▶ [The task]: Take the listing below and output it exactly, with no images.

▶ [Recorded information]:
+++++

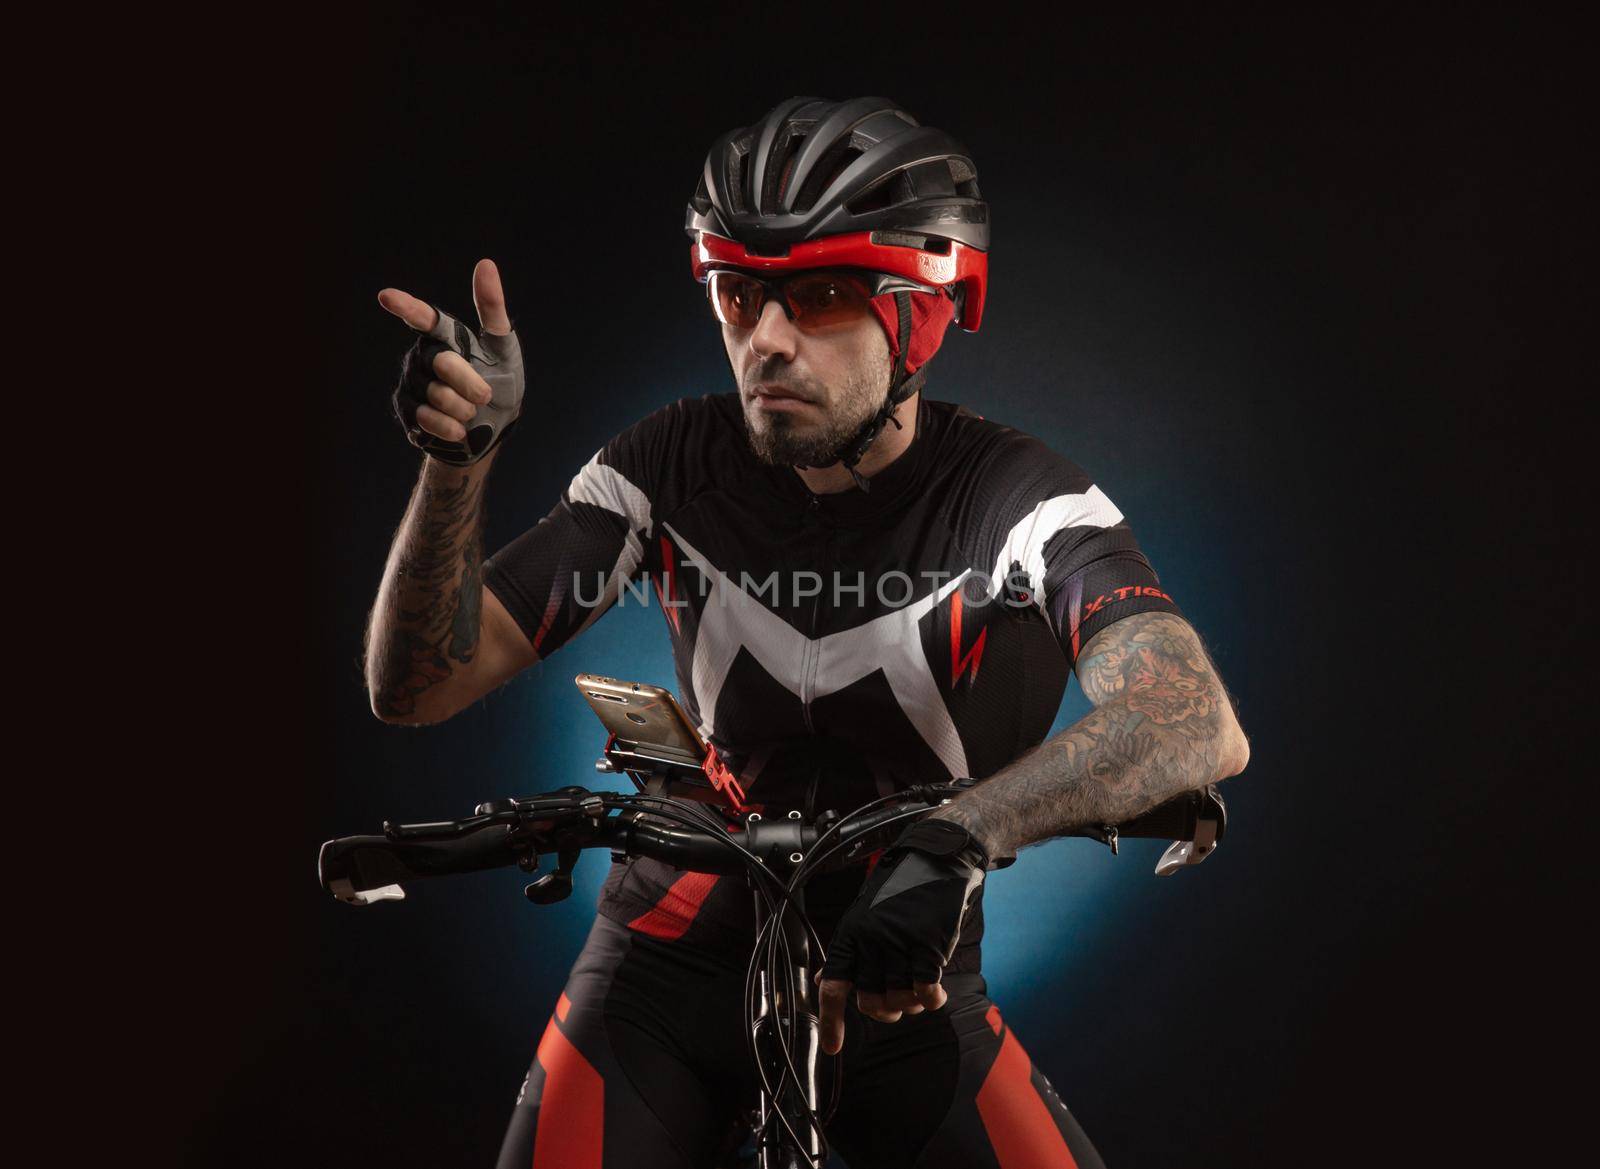 guy cyclist in a Bicycle helmet looks at the phone Navigator
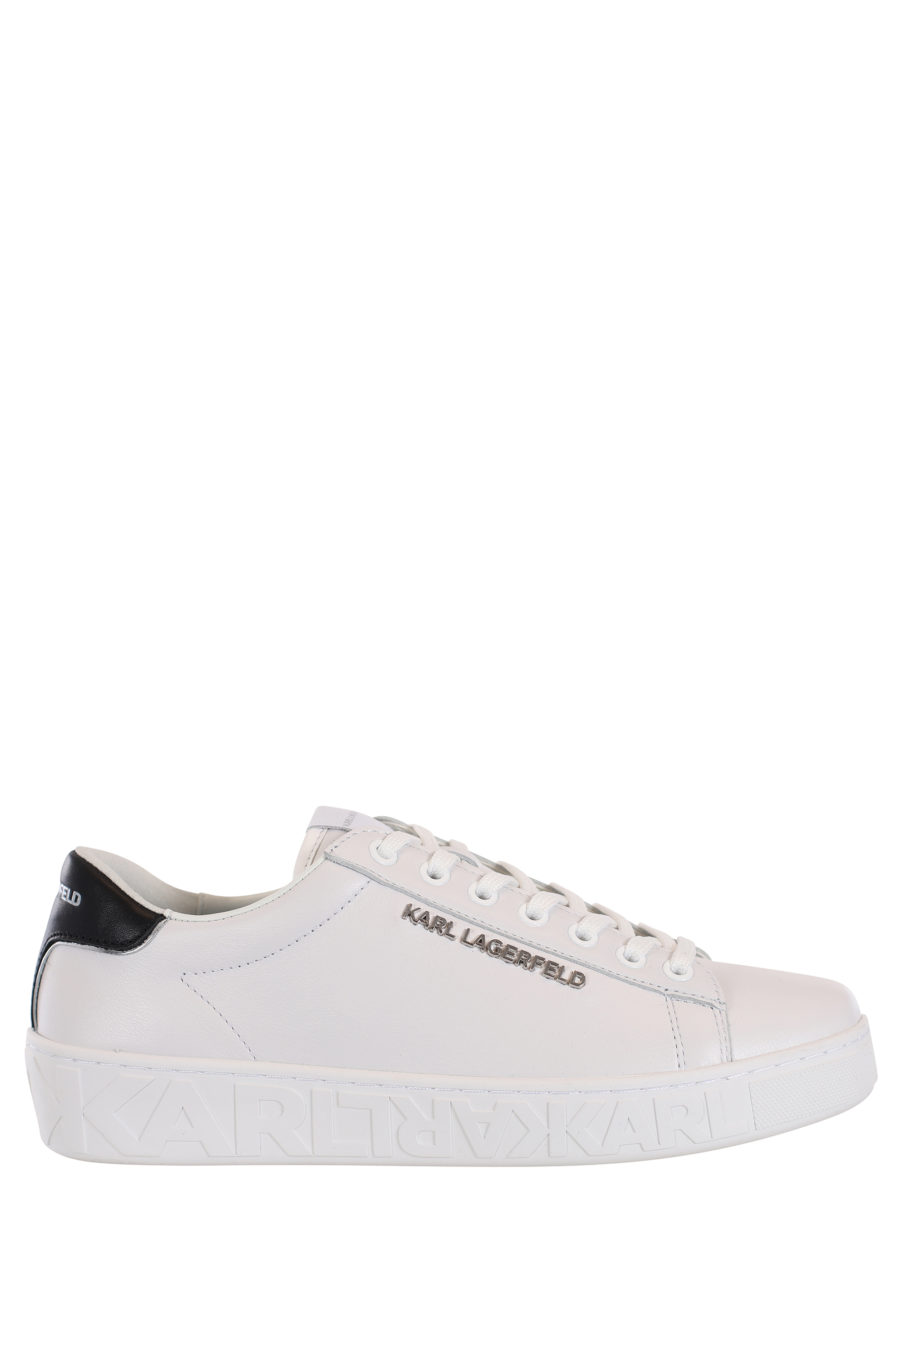 White trainers with silver metal "Lettering" logo - IMG 0025
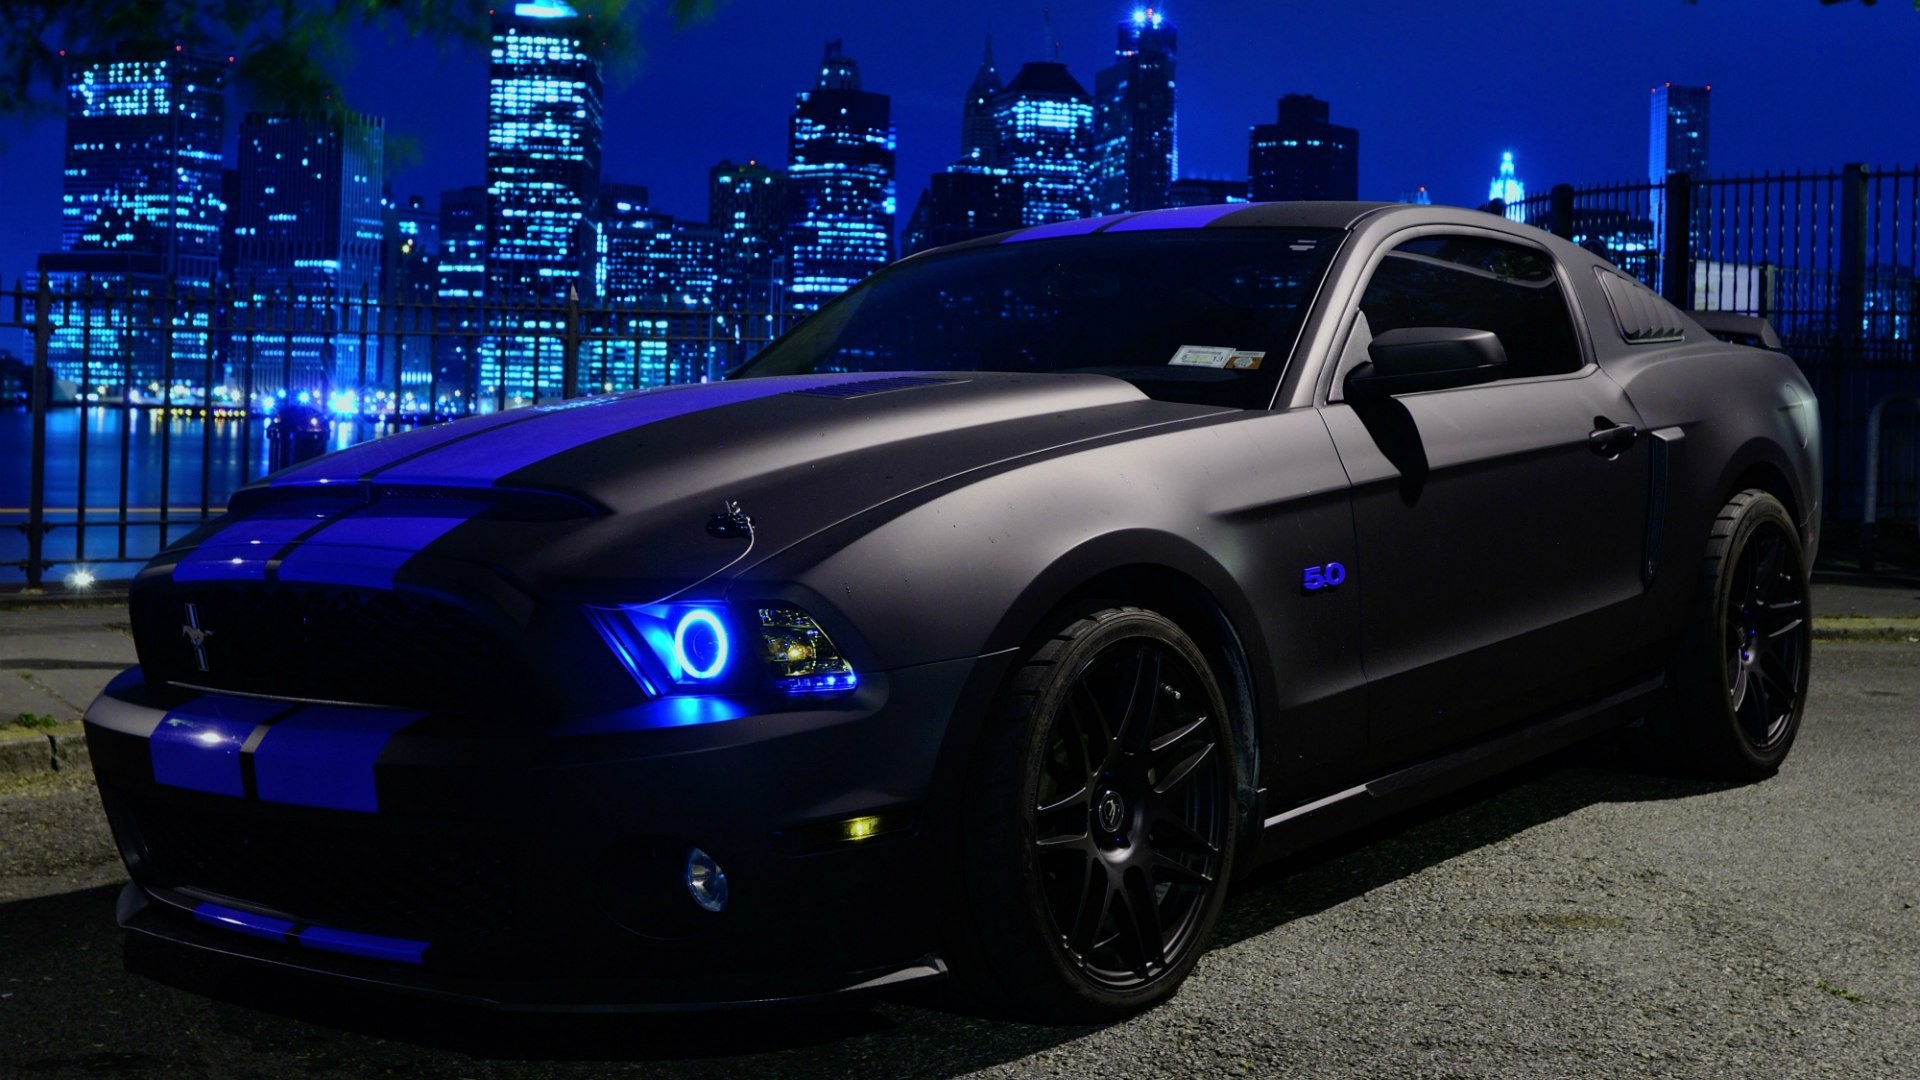 1920x1080 Luxury SUV Ford Mustang Hd Wallpaper New Concept

+++++

▶ [Task response]:
 guy cyclist in a Bicycle helmet looks at the phone Navigator
 White trainers with silver metal "Lettering" logo - IMG 0025
 1920x1080 Luxury SUV Ford Mustang Hd Wallpaper New Concept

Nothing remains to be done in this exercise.